Marathon Oil Corp. is buying again in the Permian Basin. The company is acquiring about 21,000 net surface acres, largely in the Northern Delaware basin of New Mexico, from Black Mountain Oil & Gas and other private sellers for $700 million in cash.

"Today's 21,000 acre bolt-on in the Northern Delaware is an excellent fit with the basin entry acquisition we announced earlier this month. The combined deals provide us more than 90,000 acres in the Permian, over 70,000 of which is concentrated in the Northern Delaware," Marathon Oil CEO Lee Tillman said. "While we expect to pursue additional trades and grassroots leasing, this bolt-on achieves the scale necessary for efficient long-term development in the basin."

The Black Mountain acreage offers up to 10 target benches within 5,000 feet of stacked pay; the “base case” assumes up to six target benches. About 20,000 of the 21,000 net acres are in the Northern Delaware with primary targets in the Wolfcamp and Bone Spring formations.

There is about 400 boe/d of current production, about 230 million boe of risked resource with 440 gross company-operated locations. Overall, there is about 550 million boe of total resource potential with 950 total gross company-operated locations.
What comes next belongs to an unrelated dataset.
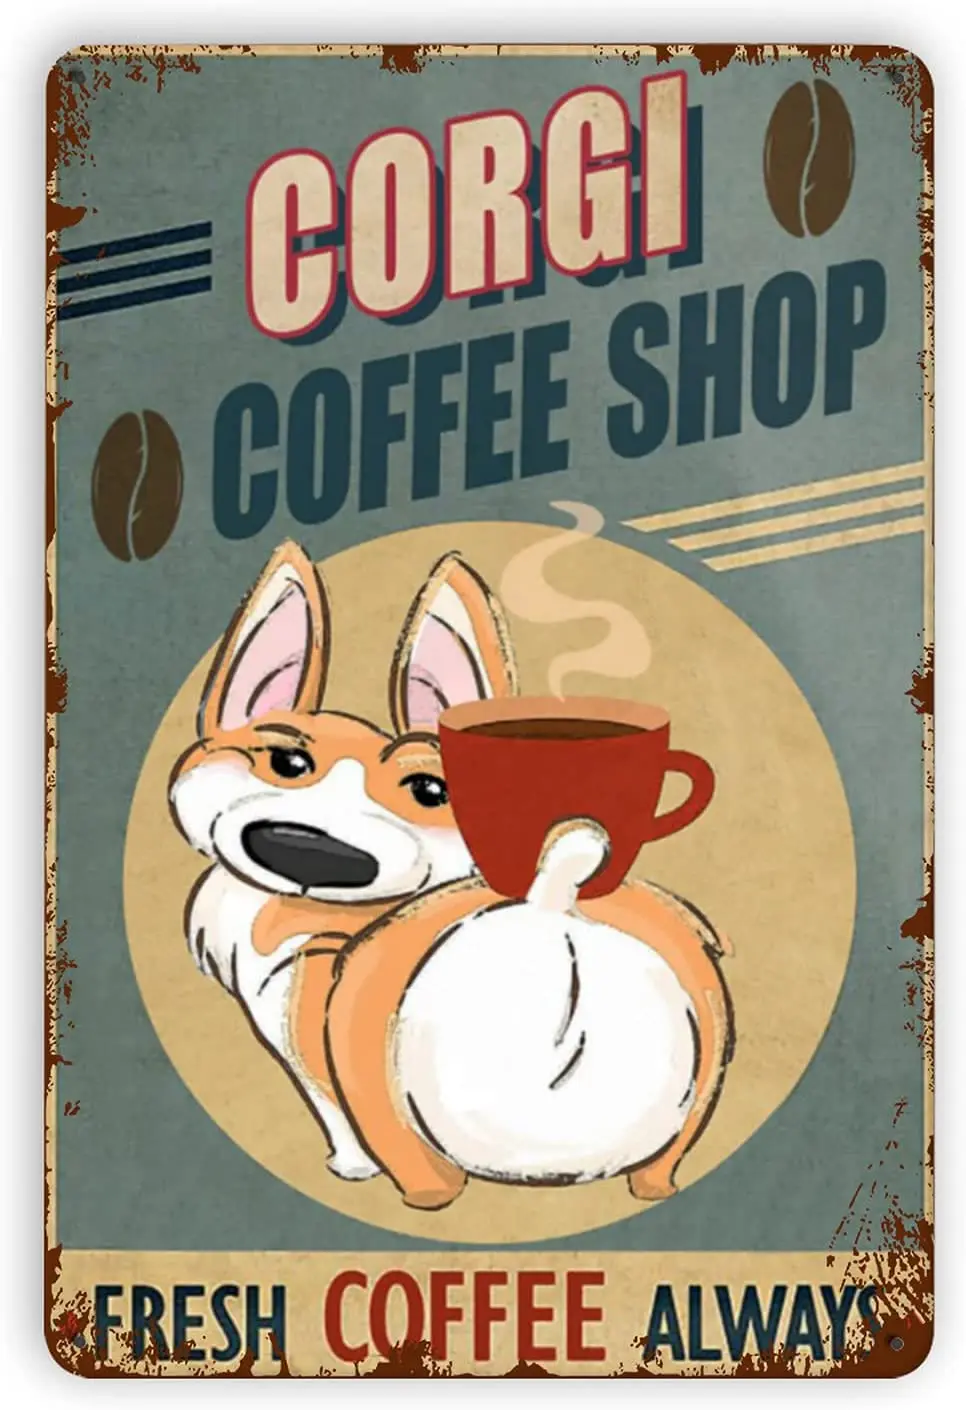 

Baby Kleidung Weant Metal Vintage Tin Signs Corgi Dog Coffee Funny Wall Decor for Home Bars Pubs Cafes Retro metal sign

Marathon Oil said the Northern Delaware inventory will produce better than 90% before-tax internal rate of return at $55/bbl West Texas Intermediate crude.

Overall in the Permian, Marathon Oil has about 91,000 net acres, including 71,500 in the Northern Delaware. The implied total acreage cost comes out to $18,400 per acre, or $23,400 per Northern Delaware acre, adjusting for existing production, the company said.

In the Permian the company has 580 million boe of risked resource with 1,070 gross company-operated locations.

There is about 1.45 billion boe of total resource potential with 2,650 total gross company-operated locations from both tighter density and secondary targets. There is further upside opportunity from 18,500 net acres in Northwest Shelf, the company said.

One operated rig drilling is running currently, and there are plans to add two more rigs at mid-year.

Closing of the deal, which was announced Tuesday, is expected during the second quarter, with an effective date of March 1, 2017.